Pictures left aside, return the lines below exactly, from the one with "Nirvana Logo - Cool" to the end, including both ends.

━━━━━ Exercise data

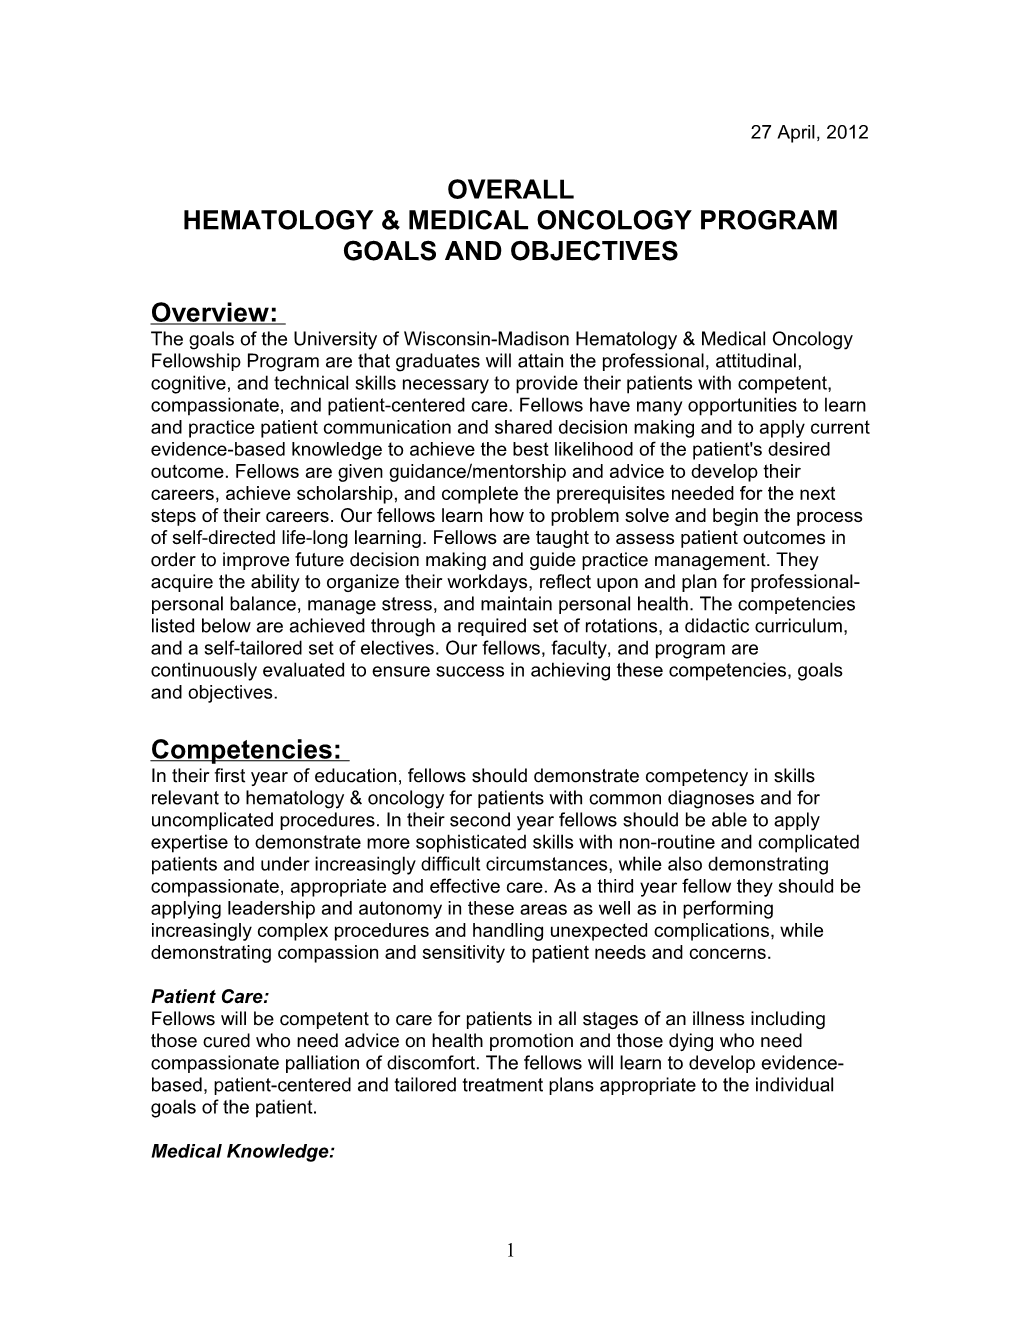 Hematology & Medical Oncology Program Goals and Objectives
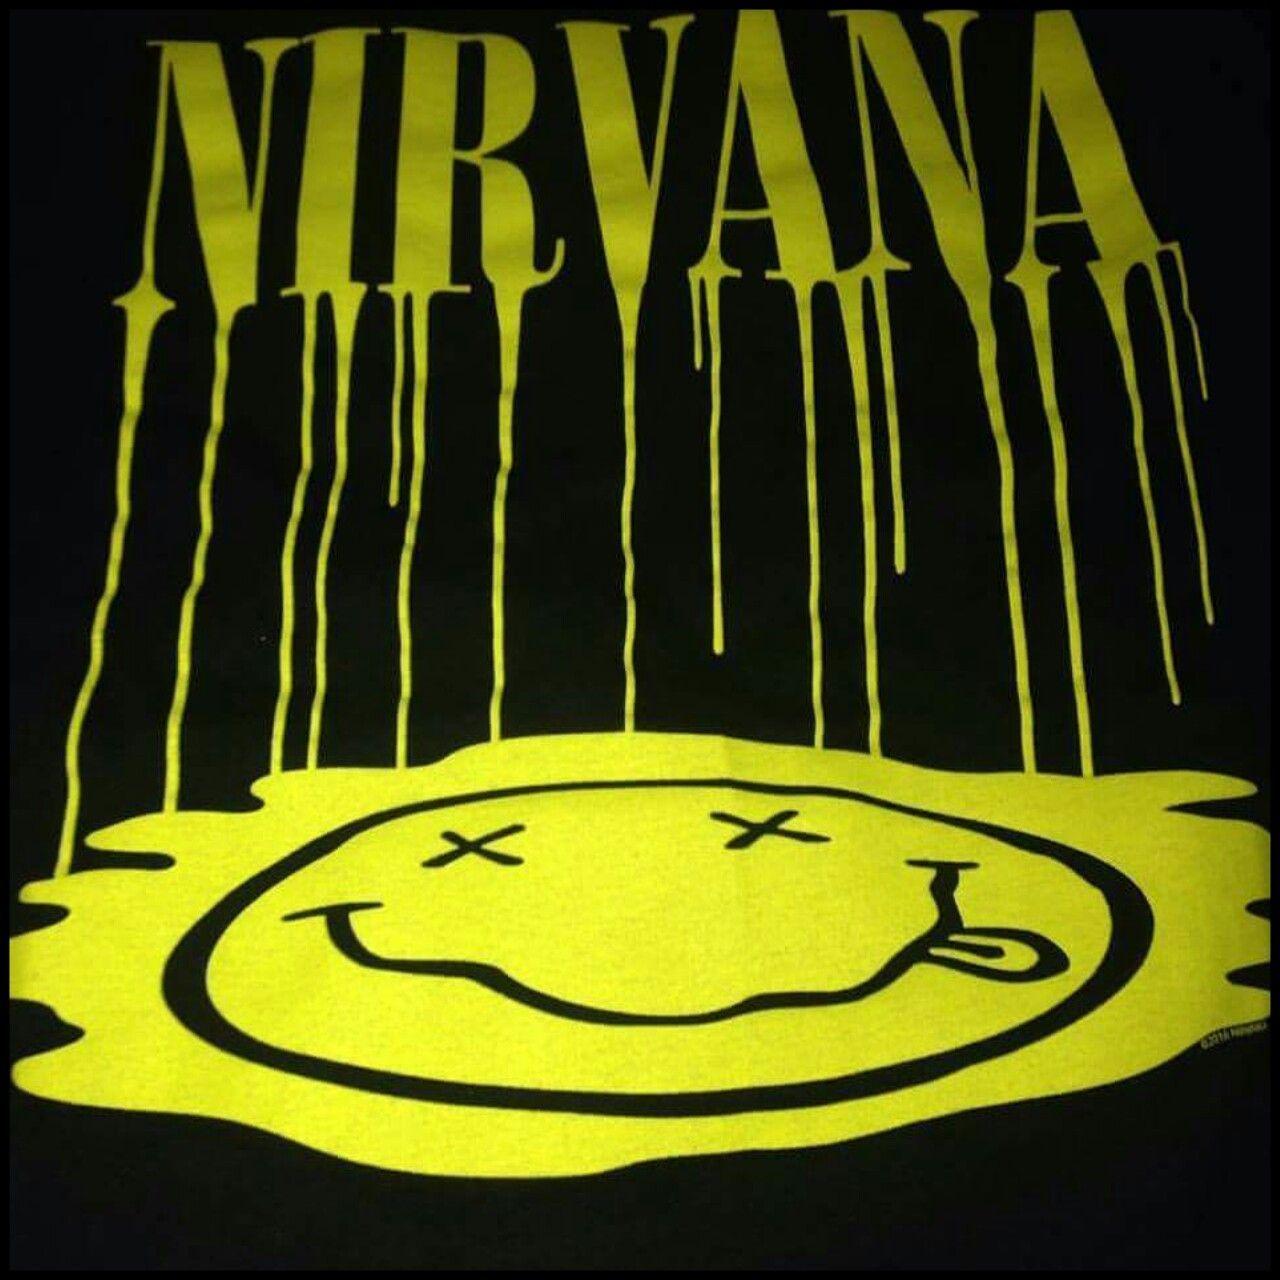 Nirvana Logo - Cool logo. All about Kurt Cobain. Kurt Cobain, Nirvana
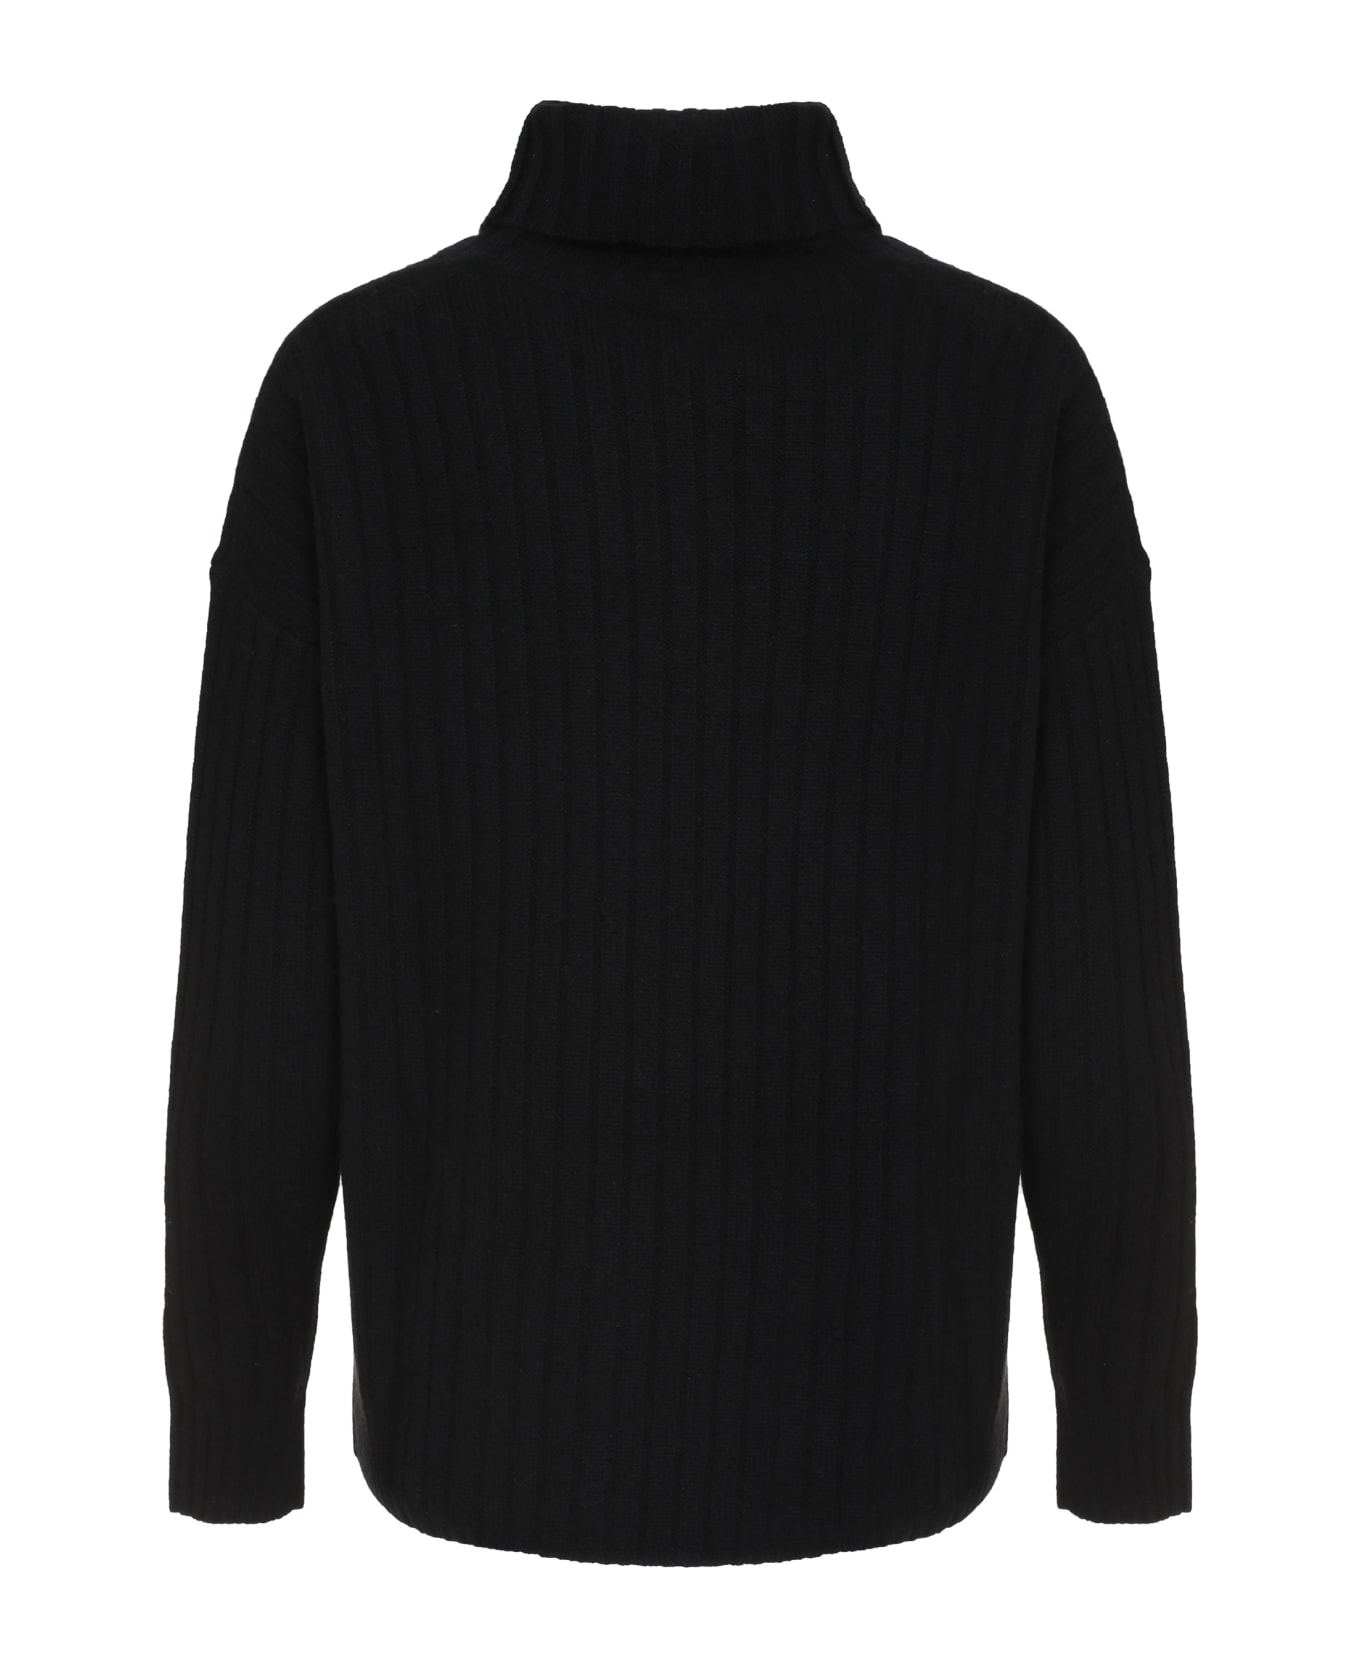 Max Mara Studio Abile Wool And Cashmere Sweater - Black ニットウェア

━━━━━━━━━━

# Reply to the exercise:
 Nirvana Logo - Cool logo. All about Kurt Cobain. Kurt Cobain, Nirvana
 Max Mara Studio Abile Wool And Cashmere Sweater - Black ニットウェア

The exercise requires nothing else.